Sitemap
Google Cloud - Community

A collection of technical articles and blogs published or curated by Google Cloud Developer Advocates. The views expressed are those of the authors and don't necessarily reflect those of Google.

Introducing partial ordering mode for BigQuery DataFrames (bigframes)

6 min readMar 12, 2025

--

BigQuery DataFrames aka BigFrames is an open source Python library offered by Google. BigFrames scales Python data processing by transpiling common Python data science APIs to BigQuery SQL. You can read more about BigFrames in the official introduction to BigQuery DataFrames aka BigFrames and can refer to the public git repository for BigQuery DataFrames aka BigFrame.

Set the bigframes.pandas.options.bigquery.ordering_mode = "partial" option to prevent BigQuery DataFrames from creating a deterministic ordering and sequential index. Later in this post, I show an example of where this has a 4,000,000x speed up in terms of bytes scanned.

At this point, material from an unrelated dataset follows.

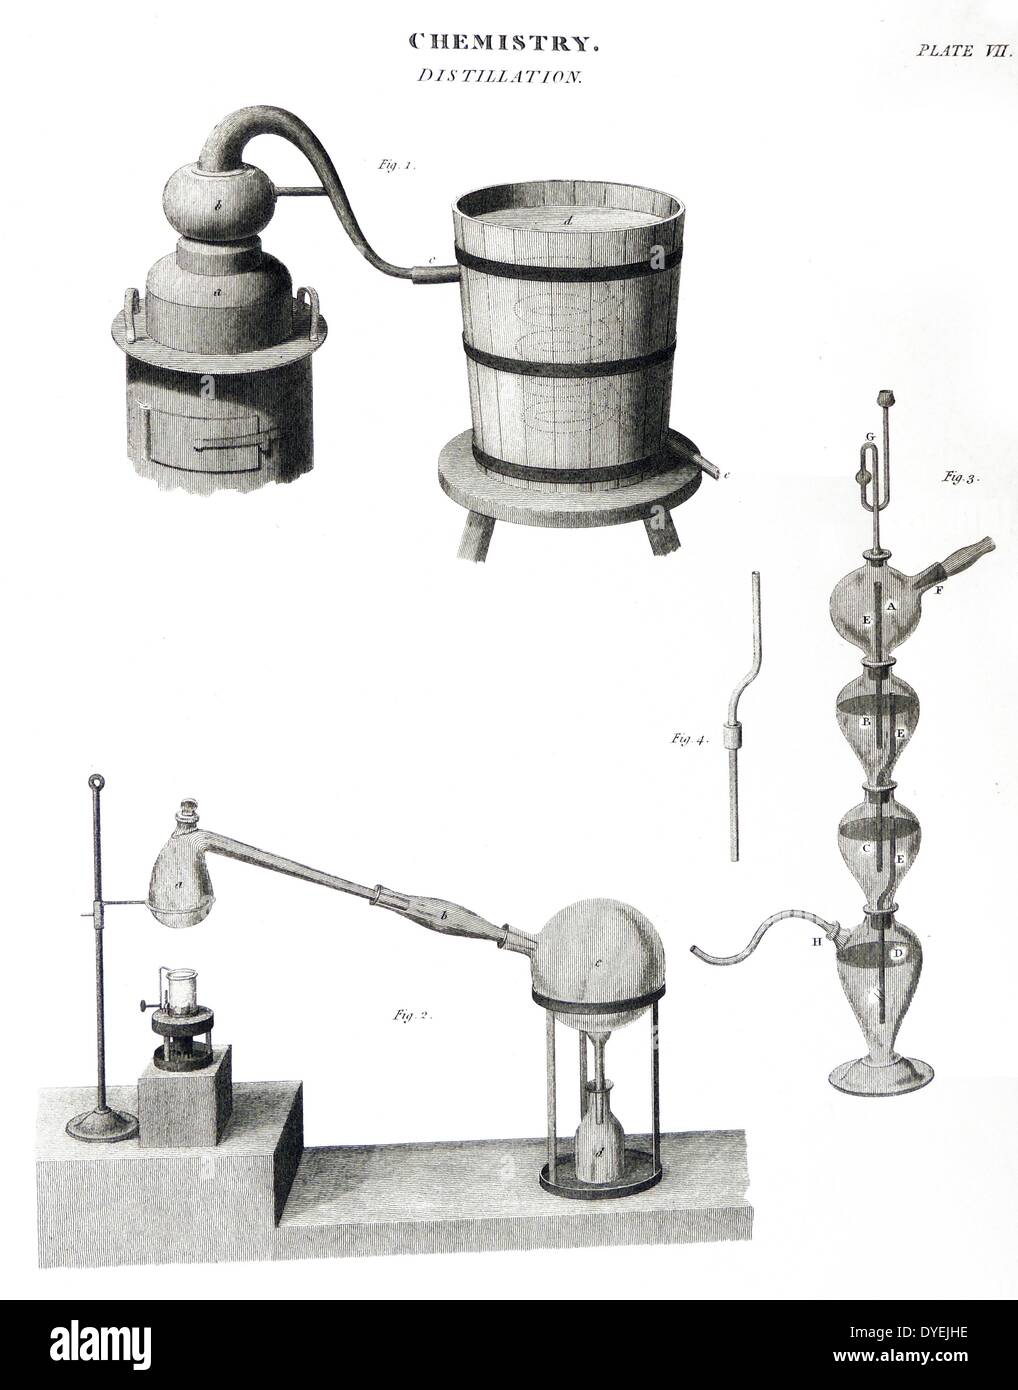 Methods of condensing the producing of distillation. Fig. 1 shows the beak of an alembic attached to a worm coiling through a tub of cold water. Engraving, London, 1810. Stock Photo

Press enter or click to view image in full size
This feature makes the pandas-like BigQuery DataFrames faster and more efficient. Image generated by Gemini's Imagen feature.

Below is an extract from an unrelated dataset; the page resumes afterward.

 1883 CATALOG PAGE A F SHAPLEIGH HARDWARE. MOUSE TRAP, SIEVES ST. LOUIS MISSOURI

Without this option set, BigQuery DataFrames creates a sequential index over all rows to mimic pandas behavior. On large tables this can get expensive, as it forces a full table scan, unless row and column filters are provided as arguments to read_gbq. Partial ordering mode allows BigQuery DataFrames to push down many more row and column filters. On large clustered and partitioned tables, this can greatly reduce the number of bytes scanned and computation slots used.

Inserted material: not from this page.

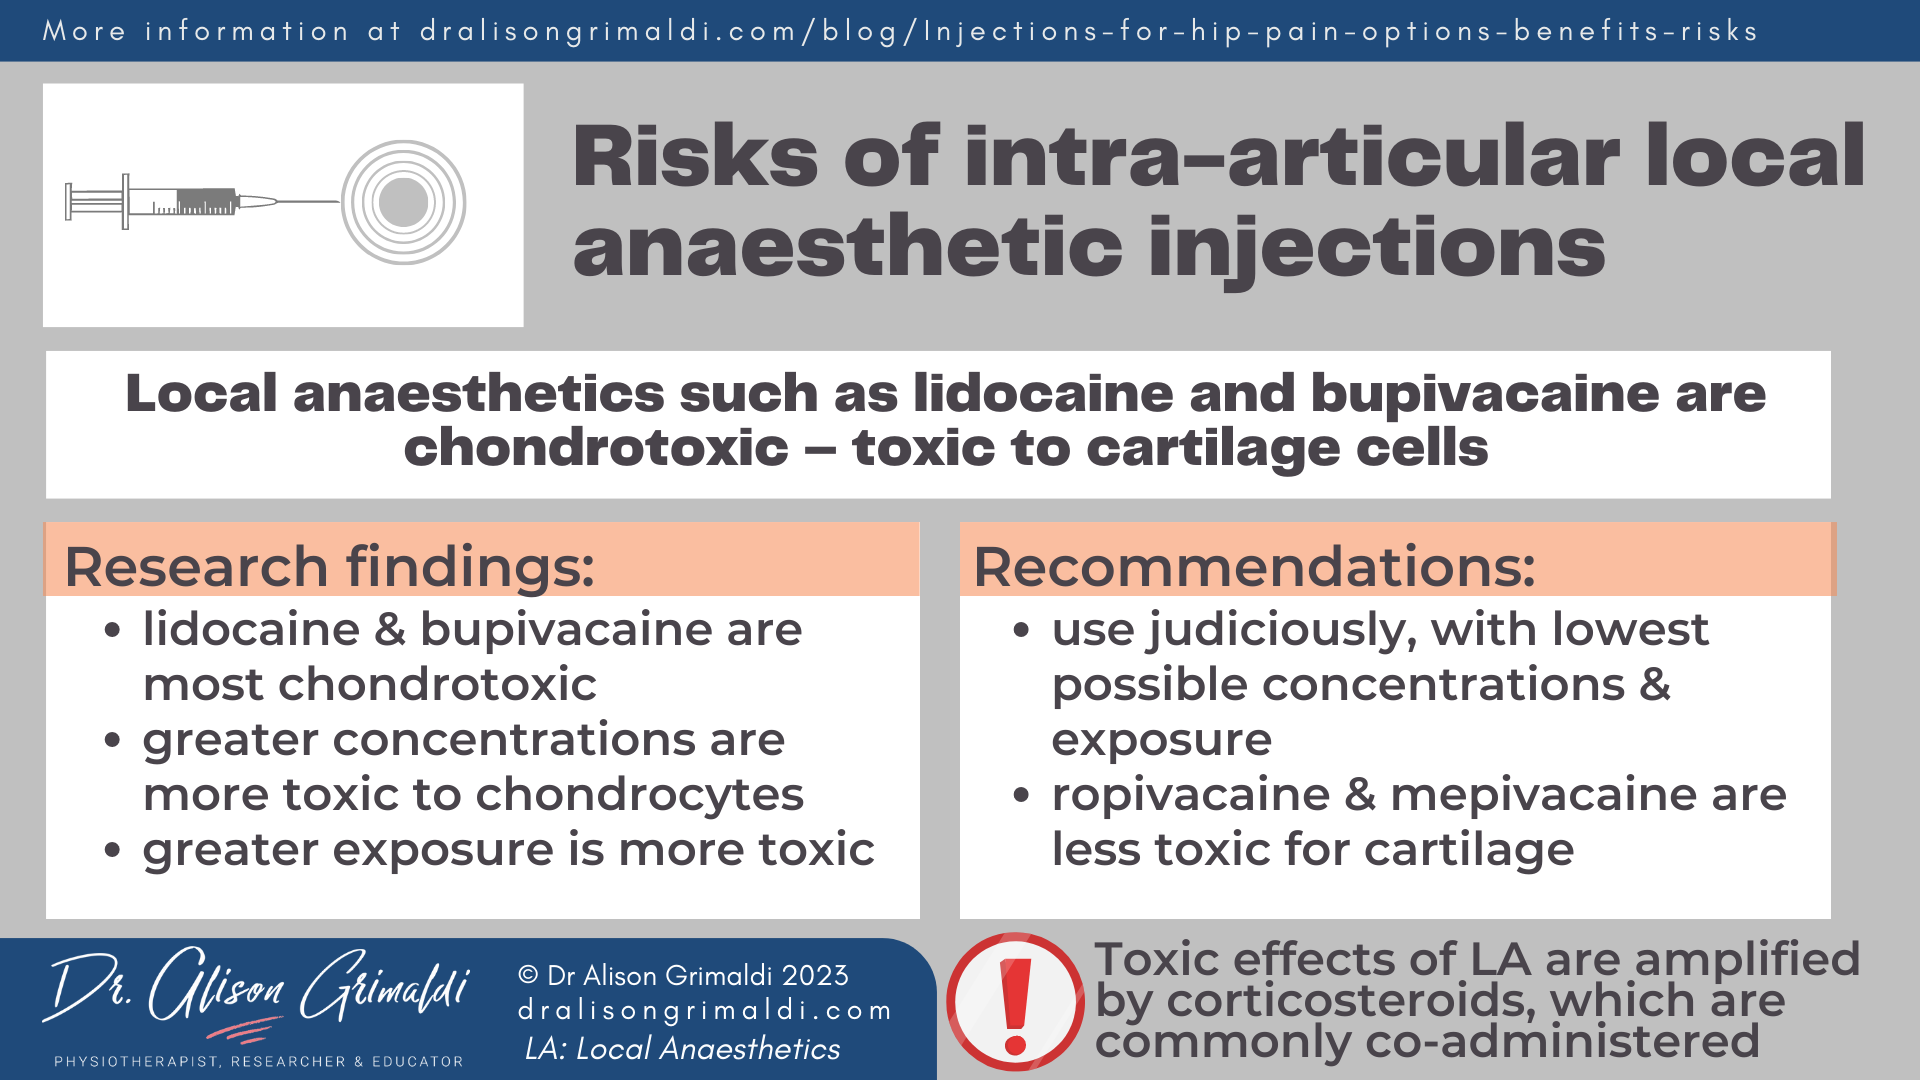 Risks of intra-articular local anaesthetic injections

A brief primer on indexes in pandas and BigQuery DataFrames

In pandas_gbq, when you download a BigQuery table as a DataFrame, pandas assigns a default index to the rows base on the order they were downloaded.

import pandas_gbq

df = pandas_gbq.read_gbq(
"bigquery-public-data.ml_datasets.penguins",
project_id=my_project)
df
                                       species     island  culmen_length_mm  culmen_depth_mm  flipper_length_mm  body_mass_g     sex
0 Adelie Penguin (Pygoscelis adeliae) Dream 36.6 18.4 184.0 3475.0 FEMALE
1 Adelie Penguin (Pygoscelis adeliae) Dream 39.8 19.1 184.0 4650.0 MALE
2 Adelie Penguin (Pygoscelis adeliae) Dream 40.9 18.9 184.0 3900.0 MALE
3 Chinstrap penguin (Pygoscelis antarctica) Dream 46.5 17.9 192.0 3500.0 FEMALE
4 Adelie Penguin (Pygoscelis adeliae) Dream 37.3 16.8 192.0 3000.0 FEMALE
.. ... ... ... ... ... ... ...
339 Adelie Penguin (Pygoscelis adeliae) Torgersen 38.8 17.6 191.0 3275.0 FEMALE
340 Adelie Penguin (Pygoscelis adeliae) Torgersen 40.9 16.8 191.0 3700.0 FEMALE
341 Adelie Penguin (Pygoscelis adeliae) Torgersen 39.0 17.1 191.0 3050.0 FEMALE
342 Adelie Penguin (Pygoscelis adeliae) Torgersen 40.6 19.0 199.0 4000.0 MALE
343 Adelie Penguin (Pygoscelis adeliae) Torgersen 37.3 20.5 199.0 3775.0 MALE

[344 rows x 7 columns]

The index for a particular row doesn’t change, even if you apply a row filter to that DataFrame.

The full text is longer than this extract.